------ Data records ------
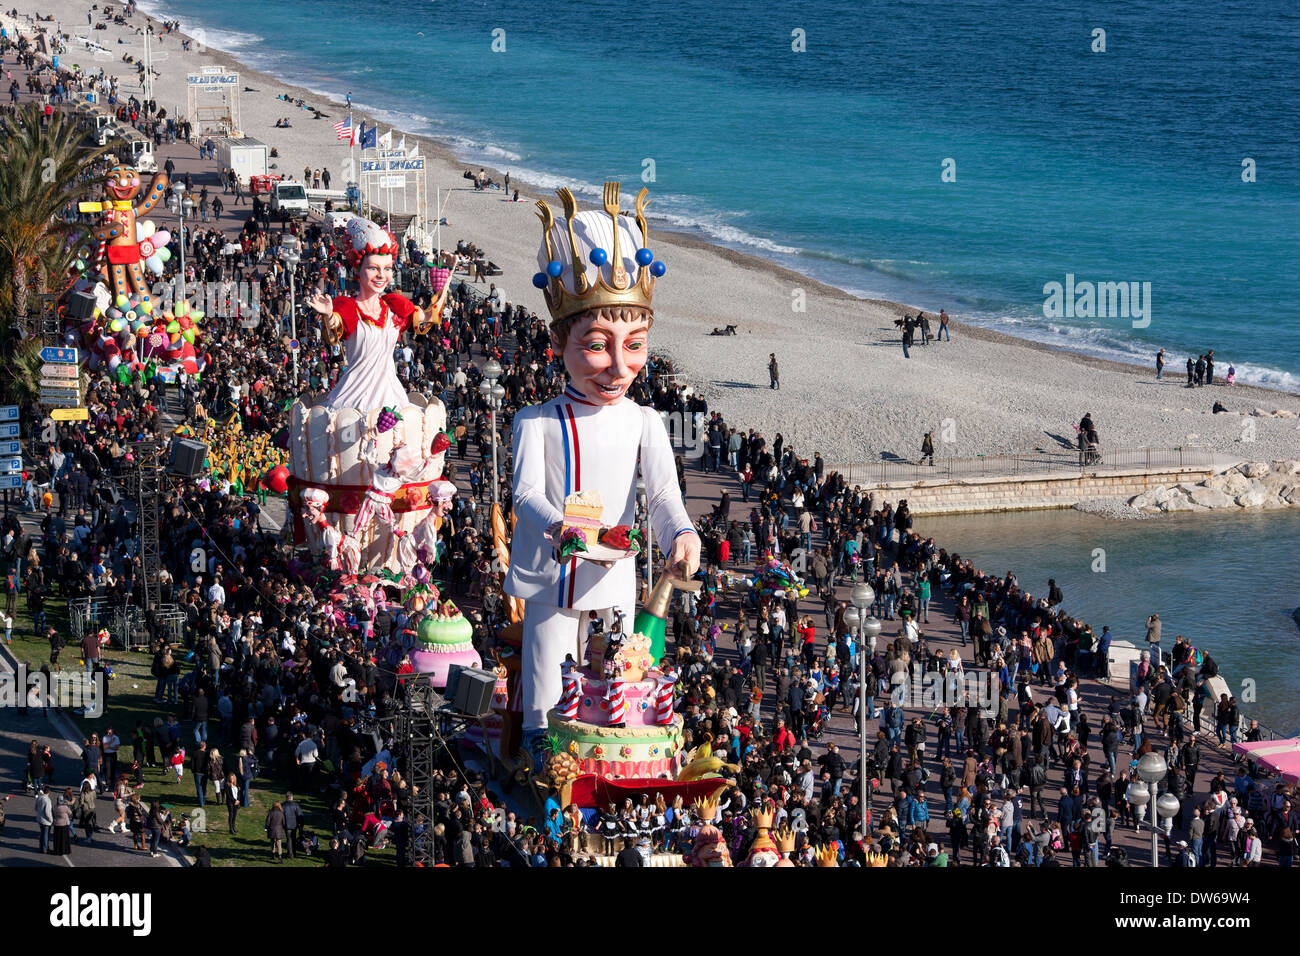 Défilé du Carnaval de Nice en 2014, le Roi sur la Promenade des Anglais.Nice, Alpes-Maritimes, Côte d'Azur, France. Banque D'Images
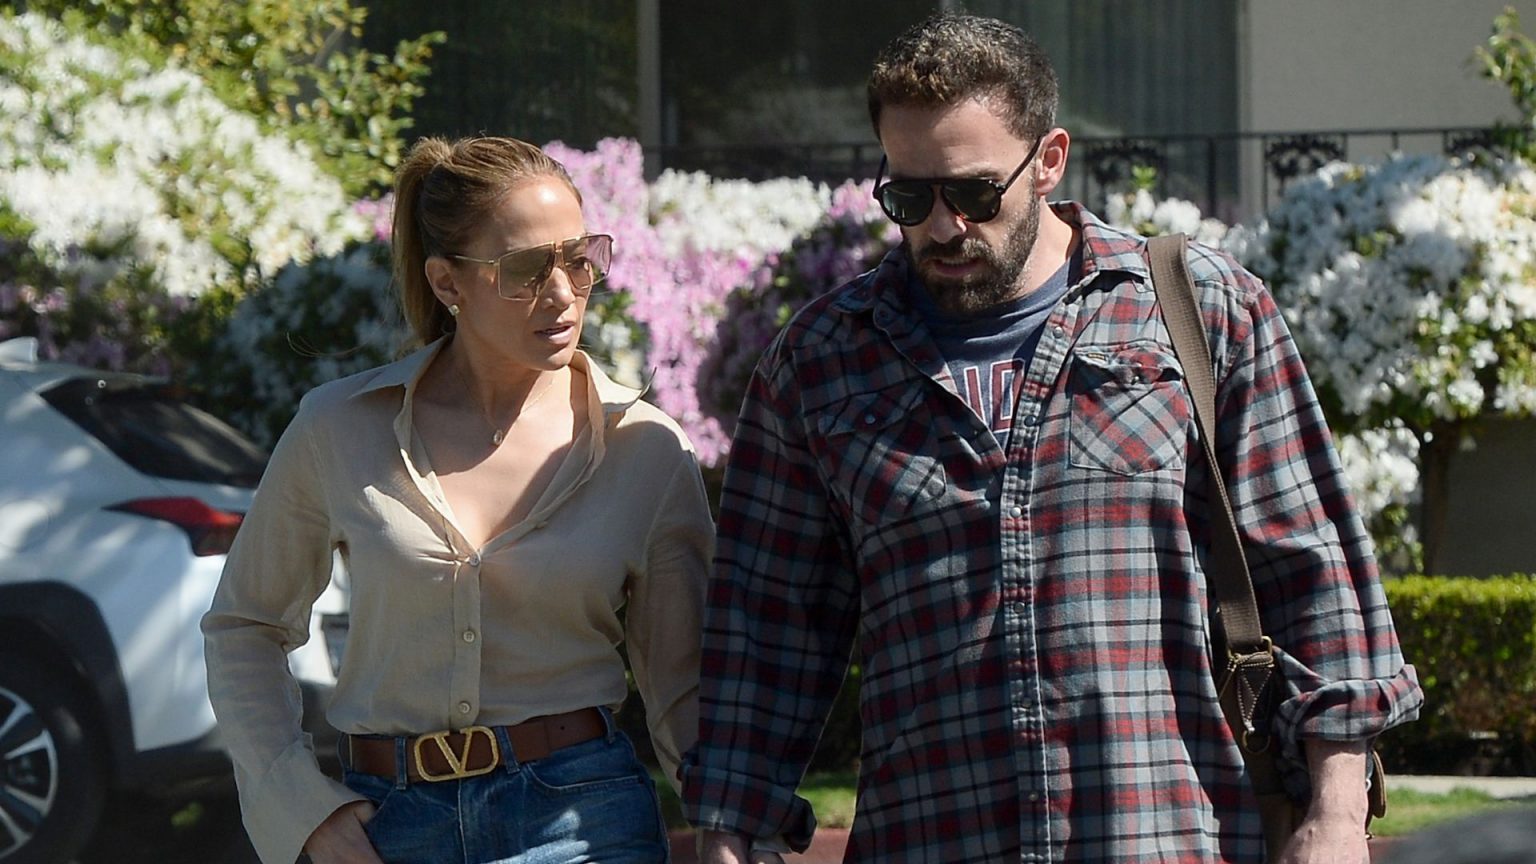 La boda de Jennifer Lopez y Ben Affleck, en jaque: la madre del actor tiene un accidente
------
------ Data records ------
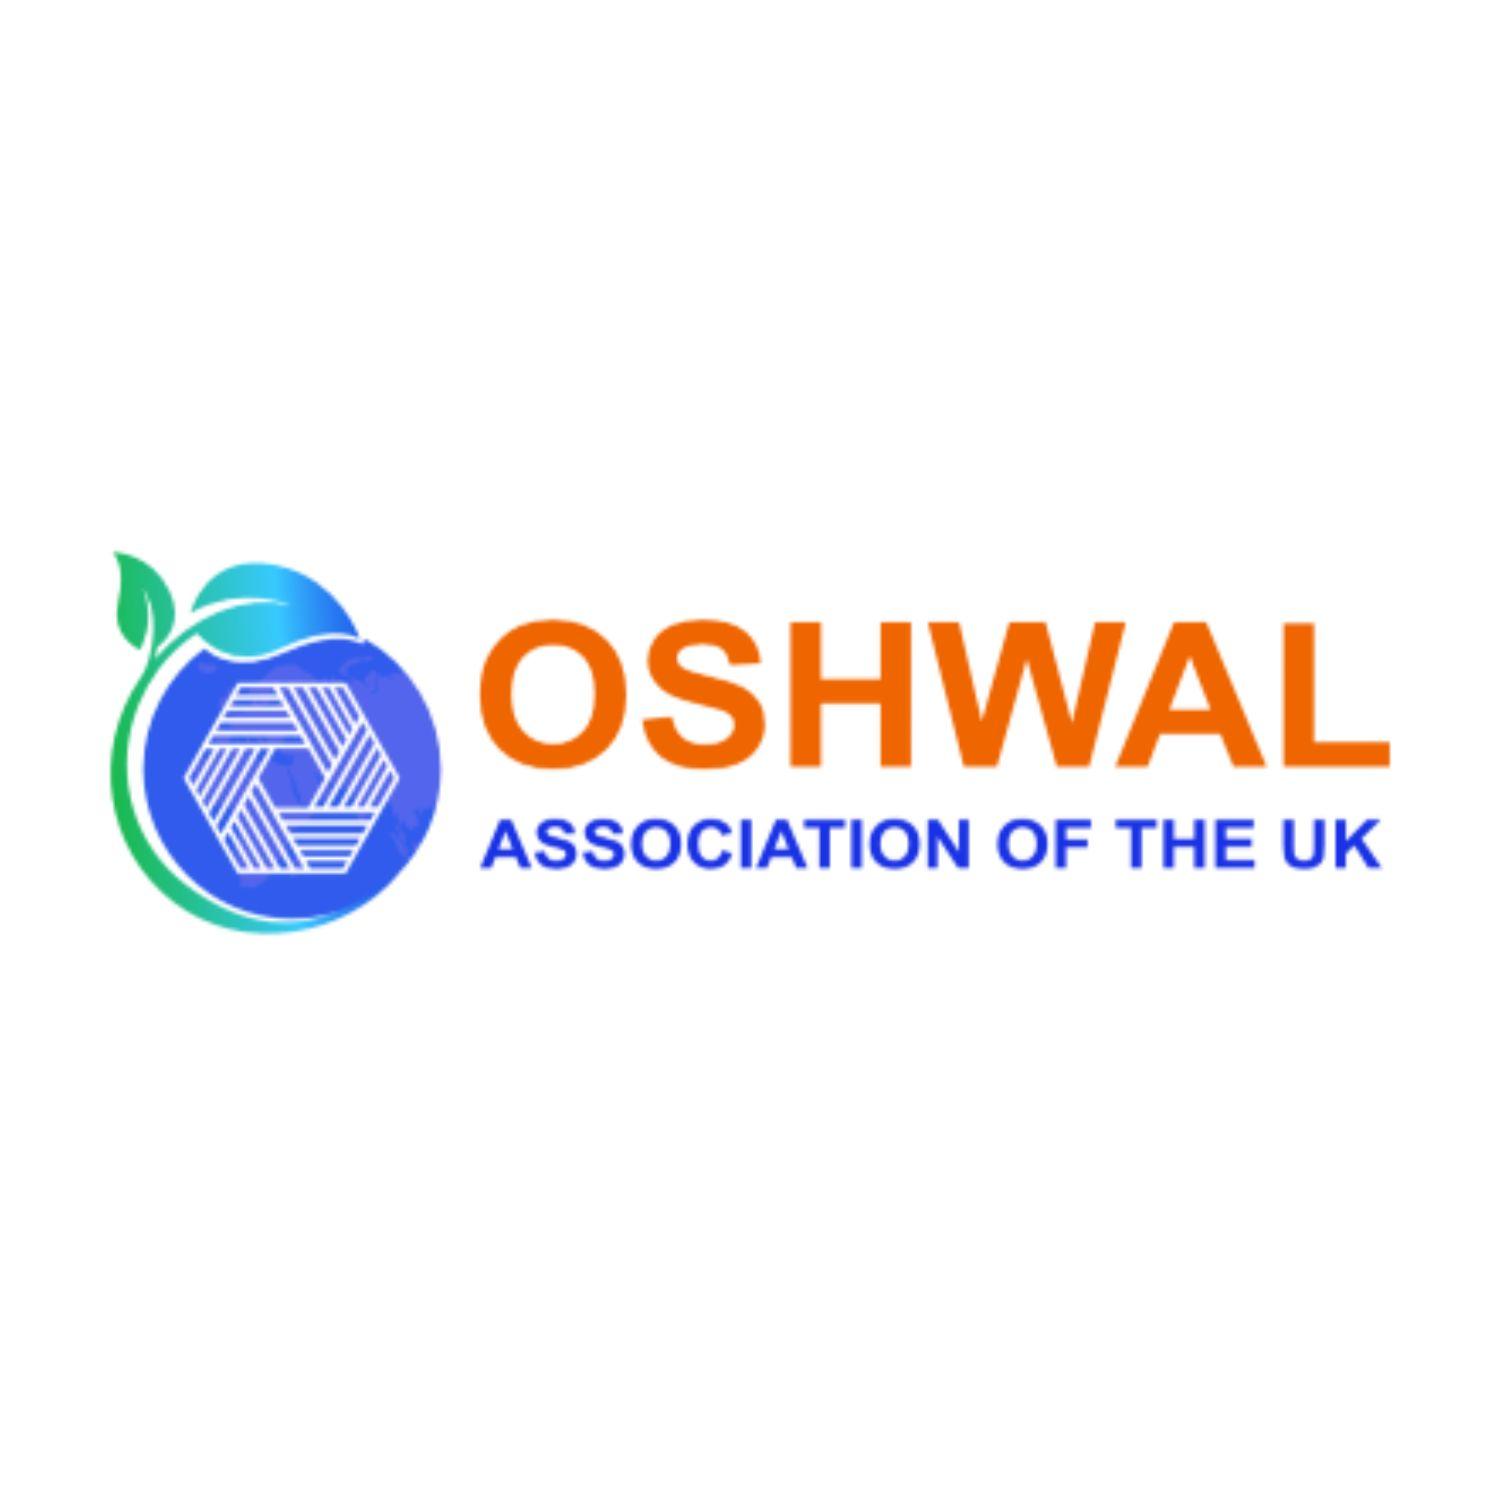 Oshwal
------
------ Data records ------
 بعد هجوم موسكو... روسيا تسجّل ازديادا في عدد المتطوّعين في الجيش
------
• [About this exercise]:
All that is wanted is the lines above between the one containing "Défilé du Carnaval" and the one containing "La boda de Jennifer", inclusive, restated word for word, with pictures omitted.

• [Reply to the task]:
 Défilé du Carnaval de Nice en 2014, le Roi sur la Promenade des Anglais.Nice, Alpes-Maritimes, Côte d'Azur, France. Banque D'Images
 La boda de Jennifer Lopez y Ben Affleck, en jaque: la madre del actor tiene un accidente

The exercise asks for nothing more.